I then try to put shallows above, and seem to have good luck keeping the queen out.

If I was to use an excluder, where would you recommend it go?

Also, do the excluders ever slow down honey production? It seems like the year I used it, the bees wanted to stay low. Maybe it was just a weak hive???

Please advise. Thanks


----------



## indypartridge (Oct 26, 2004)

moday said:


> Does everyone use queen excluders?


Queen excluders are often the subject of lively debates between beekeepers. Some swear by them, others swear at them.



> If I was to use an excluder, where would you recommend it go?


Typically between the brood boxes and honey supers.



> Also, do the excluders ever slow down honey production?

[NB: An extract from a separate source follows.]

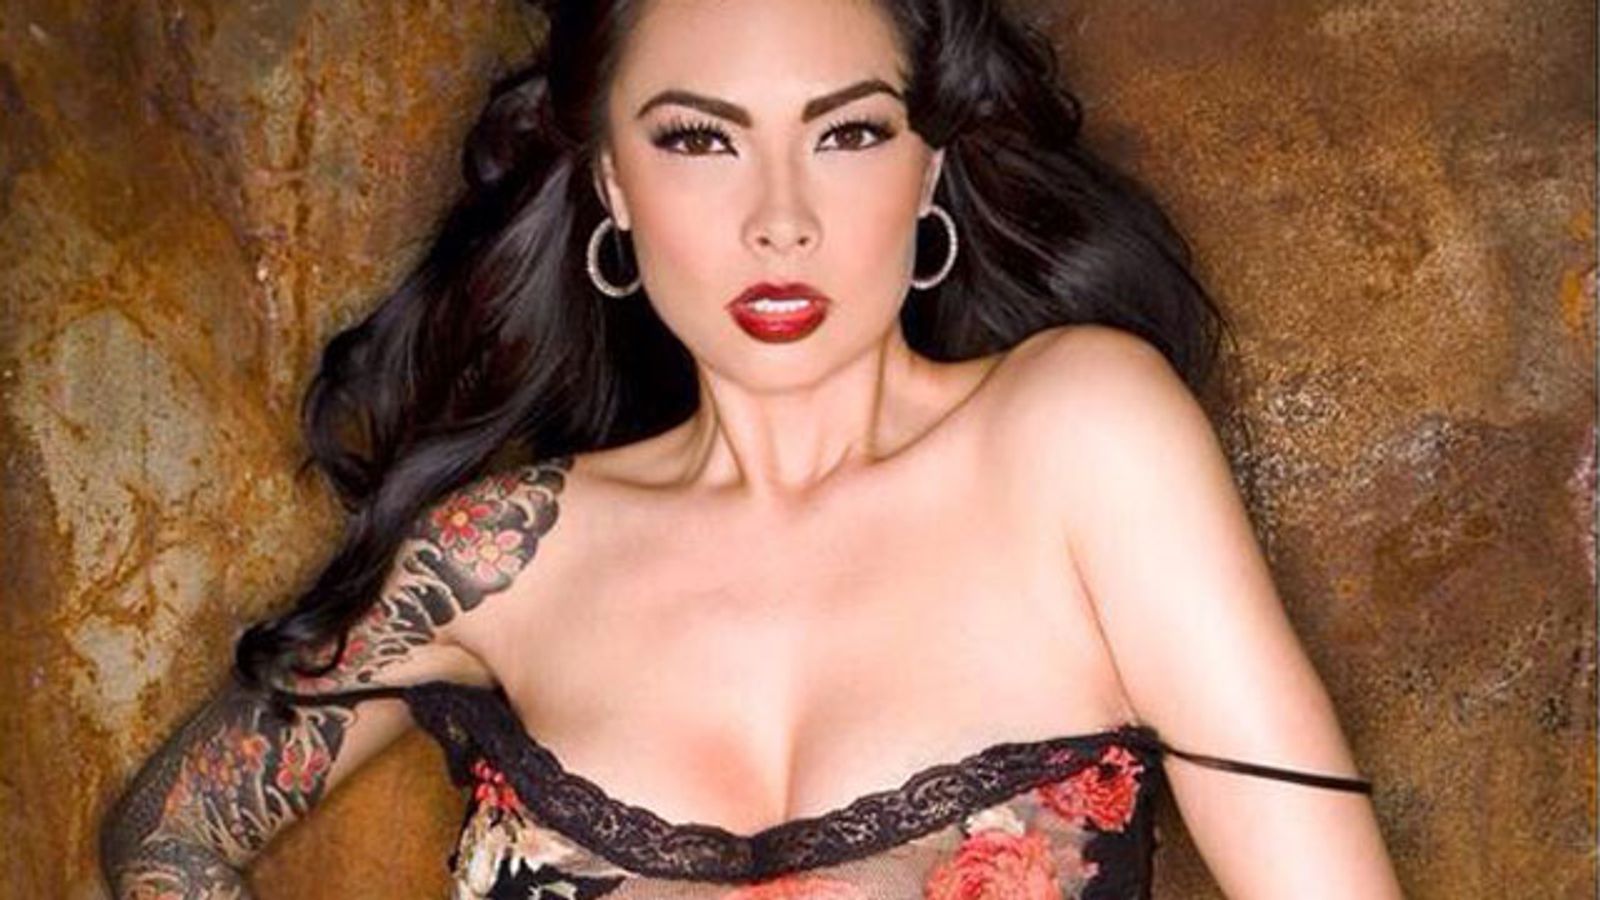 Interview: Tera Patrick Goes On the Air with Vivid Radio

Those beeks that swear at them refer to them as "honey excluders". Those beeks that use them say if you use them "correctly" they won't impact production.


----------



## Iddee (Sep 25, 2005)

>>>If I was to use an excluder, where would you recommend it go?<<<

Under your tire when your truck gets stuck in the mud. 
Under and over your stored supers, to keep the mice out.

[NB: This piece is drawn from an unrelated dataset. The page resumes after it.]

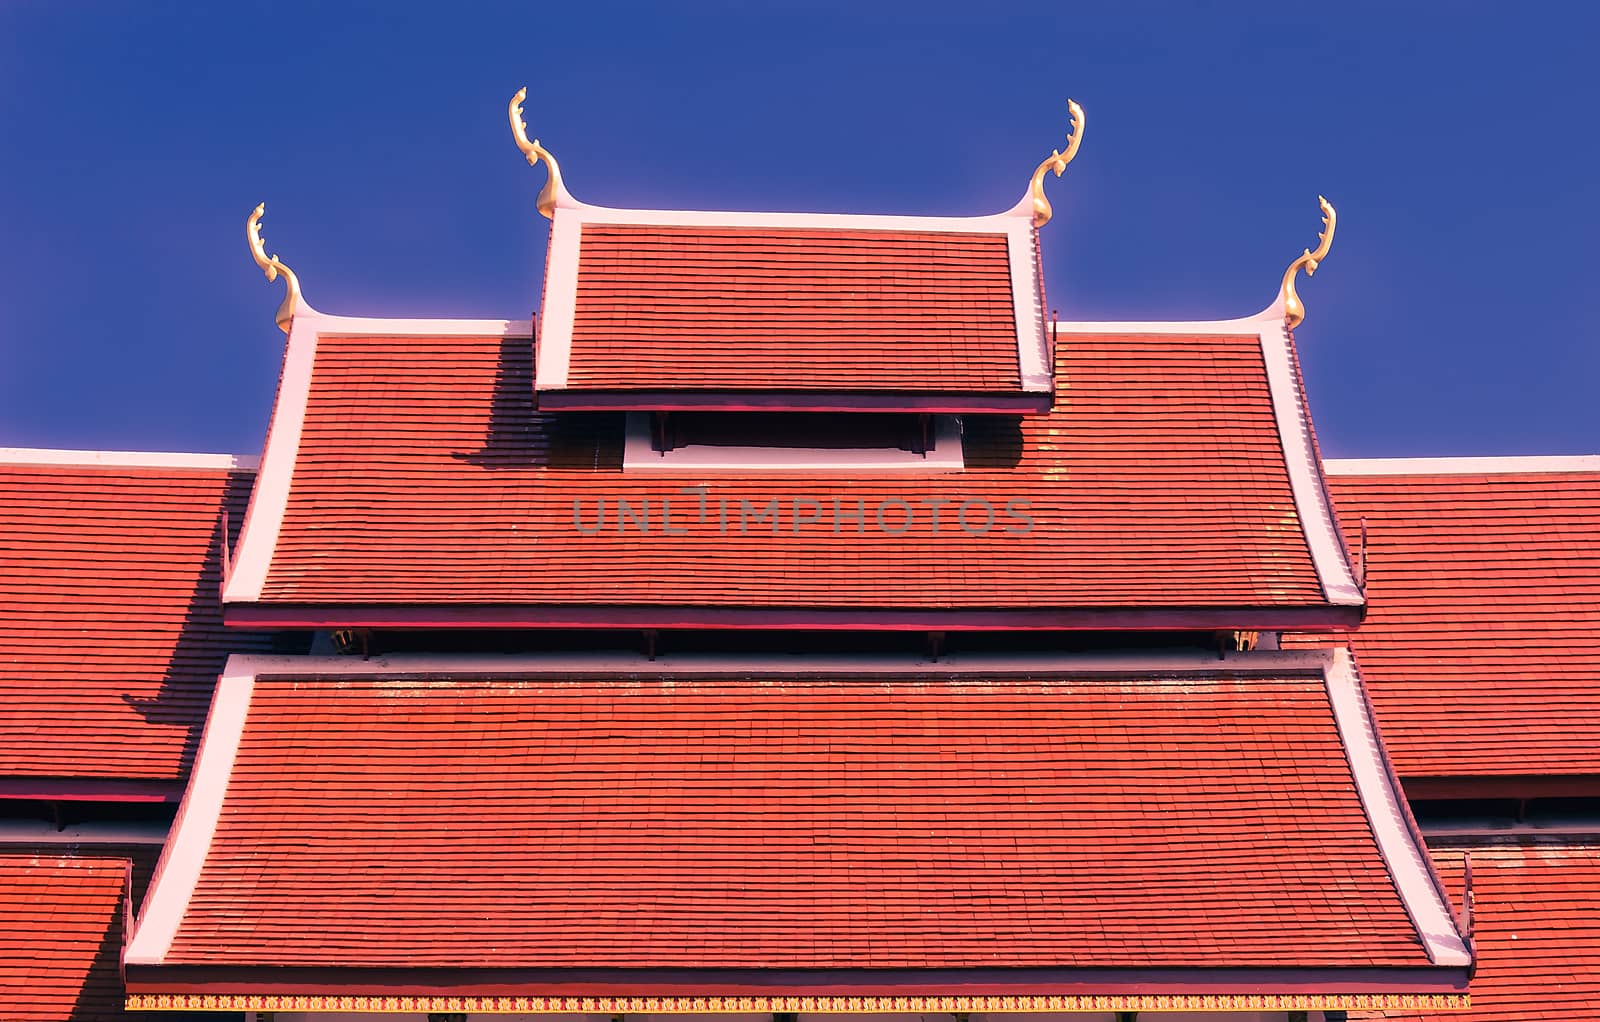 Tile Roof Achitecture of Buddhist Temple by kobfujar

Anywhere other than on the hive.


----------



## Ernie (Jul 22, 2007)

I use excluders and I don't seem to be having any problems with them. The workers go right through them with ease. 

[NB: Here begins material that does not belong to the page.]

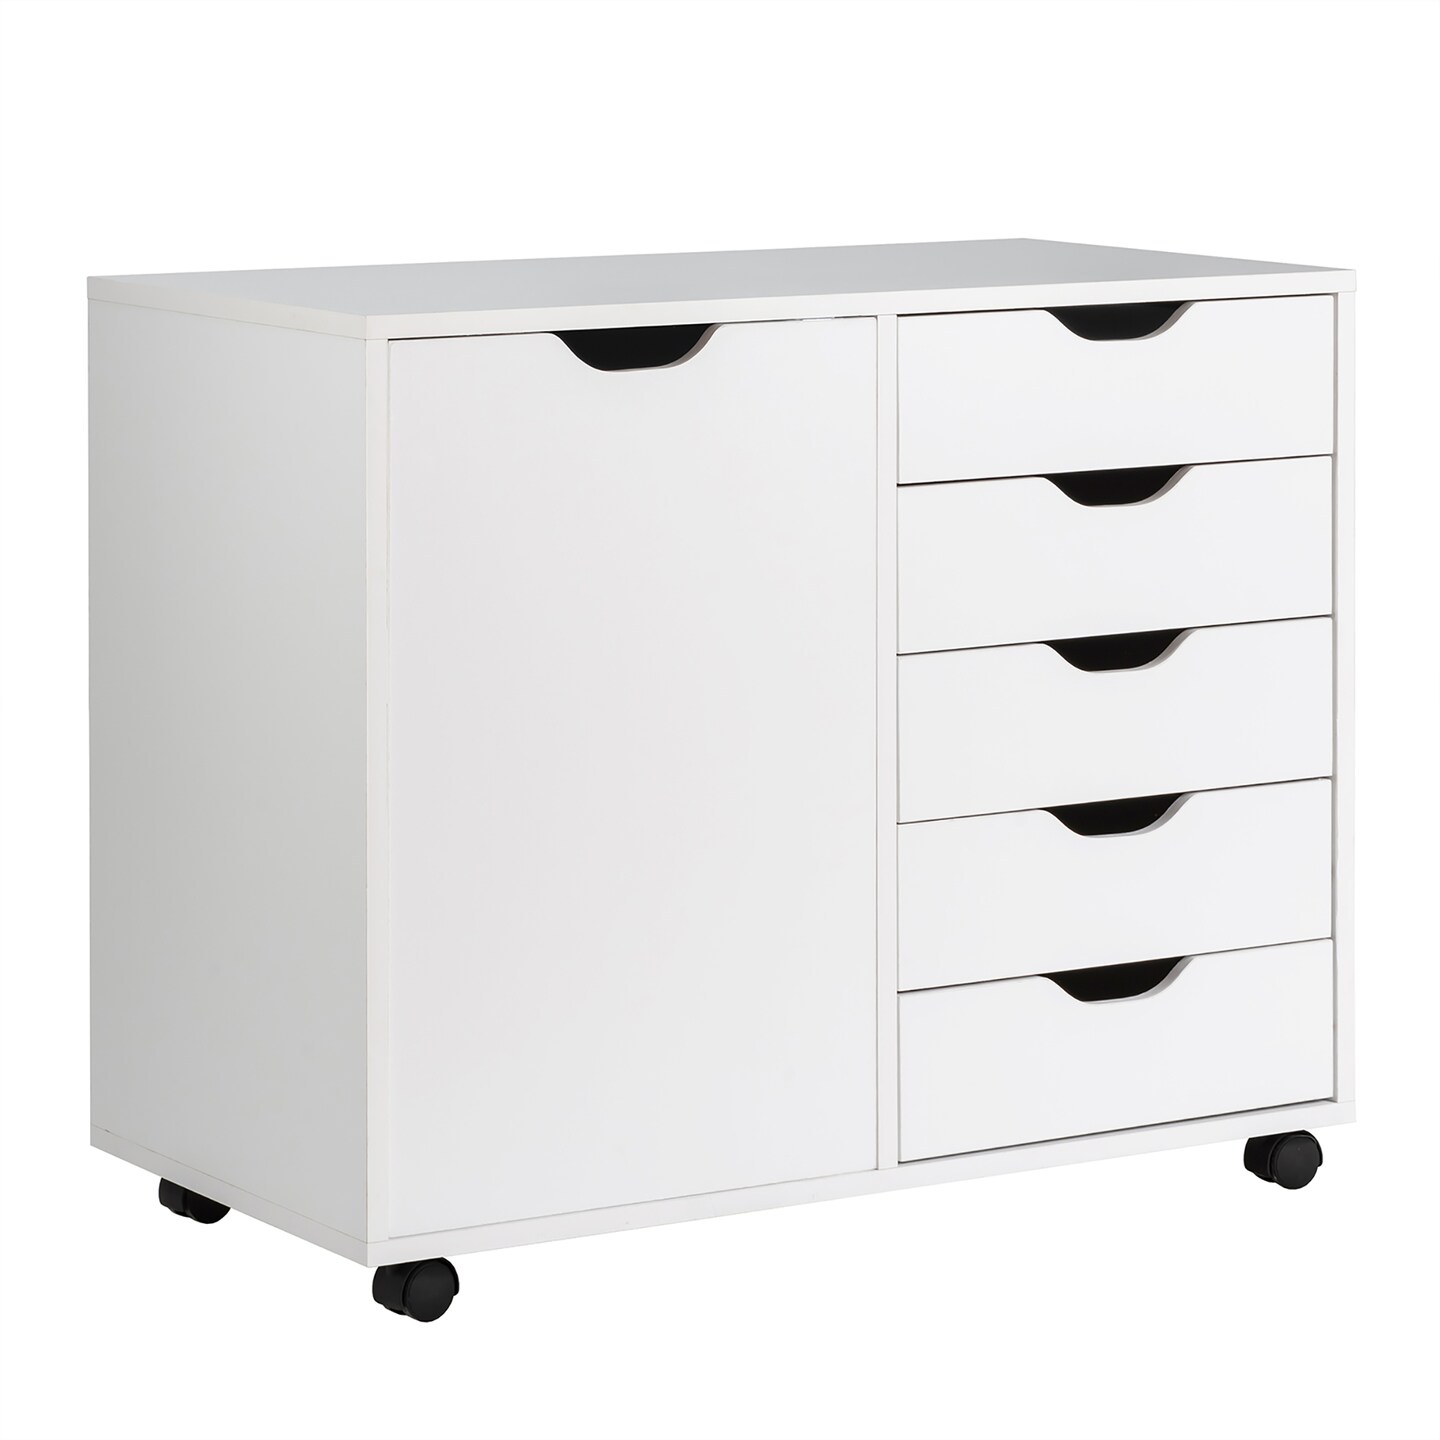 5 Fabric Drawers Dresser with Metal Frame and Wooden Top - Costway

I put them between the brood boxes and the supers. 

I'd like to hear opinions on why you ought not to use excluders. I've only been beekeeping for a little over a year now and used the excluders because that's what I'd read to use. If there's a better way then I'm all ears.


----------



## Iddee (Sep 25, 2005)

There are a thousand reasons for keeping bees. That means two thousand ways to do it. Excluders can be good, bad, or indifferent, depending on your goals. That's why there are so many different opinions.


----------



## sugarbush (Jul 15, 2007)

Iddee said:


> >>>If I was to use an excluder, where would you recommend it go?<<<
> 
> Under your tire when your truck gets stuck in the mud.
> Under and over your stored supers, to keep the mice out.
> ...


 Agreed


----------



## no1cowboy (May 2, 2004)

I dont like brood in my honey! and so I always use excluders and have no problems with honey production.


----------



## sugarbush (Jul 15, 2007)

no1cowboy said:


> I dont like brood in my honey! and so I always use excluders and have no problems.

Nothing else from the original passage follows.